The genotype distribution and allele frequencies of COX-2 polymorphisms in gastric cancer case and control families are shown in Table II. The genotype distribution of COX-2-1195G>A and -765G>C in the case and control family members did not significantly deviate from the expected Hardy-Weinberg equilibrium (P>0.05). For COX-2-1195G>A, the frequencies of GG, GA and AA genotypes were 17.9, 49 and 33.1% in the case family group and 25.1, 52.0 and 22.9% in the control group, respectively. Compared with the frequency of the GG genotype, an association was found between the COX-2-1195AA genotype and the risk of gastric cancer (AA genotype: OR = 2.03; 95% CI, 1.27–3.22). A statistical difference was observed between the A carrier and A allele frequencies among the case and control family members (A carriers: OR = 1.55; 95% CI, 1.02–2.28; A allele: OR = 1.42; 95% CI, 1.09–1.81). With regard to COX-2-765G>C, the frequencies of GG, GC and CC genotypes in the case and control family group were 81.4, 17.9 and 0.7%, and 86.2, 13.5 and 0.3%, respectively. Due to the low occurrence (<1%) of the CC genotype, heterozygous and homozygous variants were combined for the analysis (C carriers: G/C + C/C). Compared with the GG homozygous variant or G allele, C carriers or C allele were not shown to be statistically different between the two groups (C carriers: OR=1.44; 95% CI, 0.91–2.23; C allele: OR = 1.45; 95% CI, 0. 92–2.25).

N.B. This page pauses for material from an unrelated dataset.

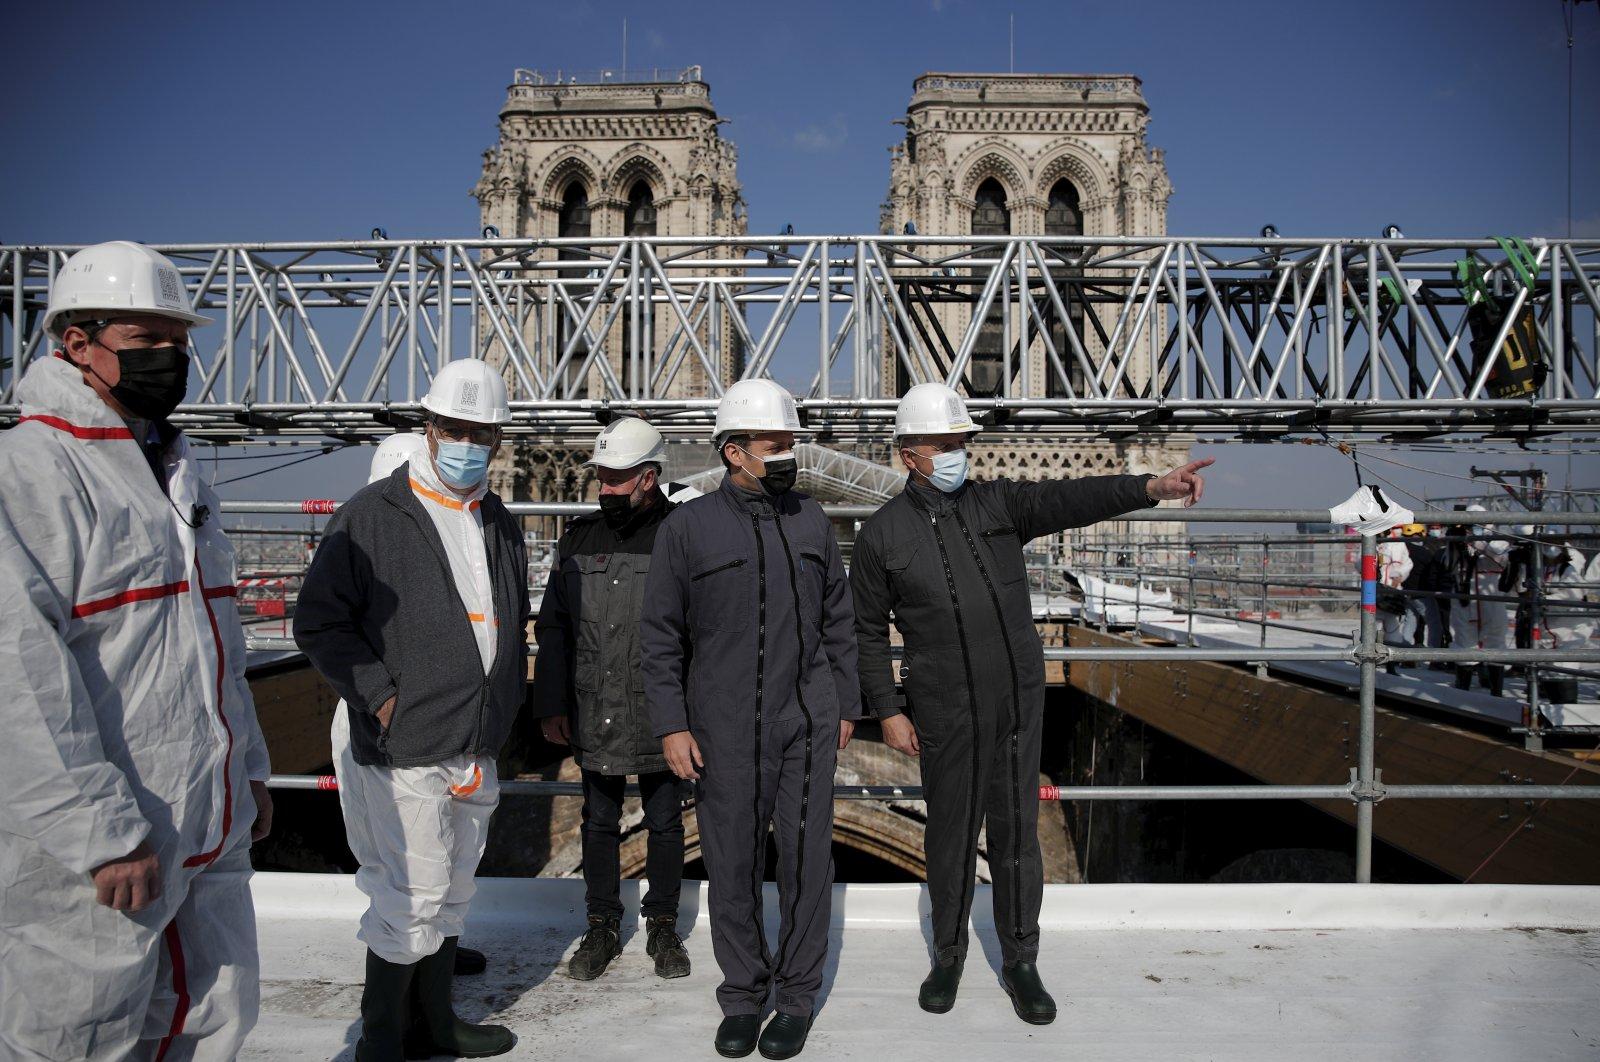 French President Emmanuel Macron (C) visits the reconstruction site of the Notre Dame cathedral, Paris, France, April 15, 2021. (Pool via AP)

As shown in Table III, the genotype distribution of COX-2-1195G>A and -765G>C in different relative grades between the case and control family members was further examined. Since the spouse had no genetic affinity with the host of the family, the spouse was disregarded while analyzing the gastric cancer genetic susceptibility. The OR value of COX-2-1195 AA genotype in the first-degree relatives (OR=3.35; 95% CI, 1.69–6.12) was higher than that in the second-degree relatives (OR=2.66; 95% CI, 1.06–6.82). Similarly, the OR values of A carriers (GA + AA) and A allele exhibited a diminished trend from closer degrees of relationship (A carriers: first-degree relatives: OR=2.11; 95% CI, 1.19–3.67; second-degree relatives: OR=1.98; 95% CI, 0.89–4.63; A allele: first-degree relatives: OR=1.77; 95% CI, 1.29–2.41; second-degree relatives: OR=1.69; 95% CI, 0.99–2.68). Compared with the GG genotype, the mutant genotype distribution of -765G>C was not correlated with gastric cancer in the first- or second-degree relatives, due to the fact that the OR values included 1.00 (C carriers: first-degree relatives: OR=1.62; 95% CI, 0.89–2.87; second-degree relatives: OR=1.35; 95% CI, 0.54–3.22).

As COX-2-1195G>A and H. pylori were involved in gastric cancer, the interaction between this functional SNP and H. pylori infection status was examined using stratified analysis (Table IV). Taking H. pylori-seronegative AA genotype and A carriers together as a reference, H. pylori-seropositive COX-2-1195 AA genotype and A carriers exhibited significantly increased susceptibility to gastric cancer (AA genotype: OR=2.96; 95% CI, 1.57–5.58; A carriers: OR=2.04; 95% CI, 1.18–3.52).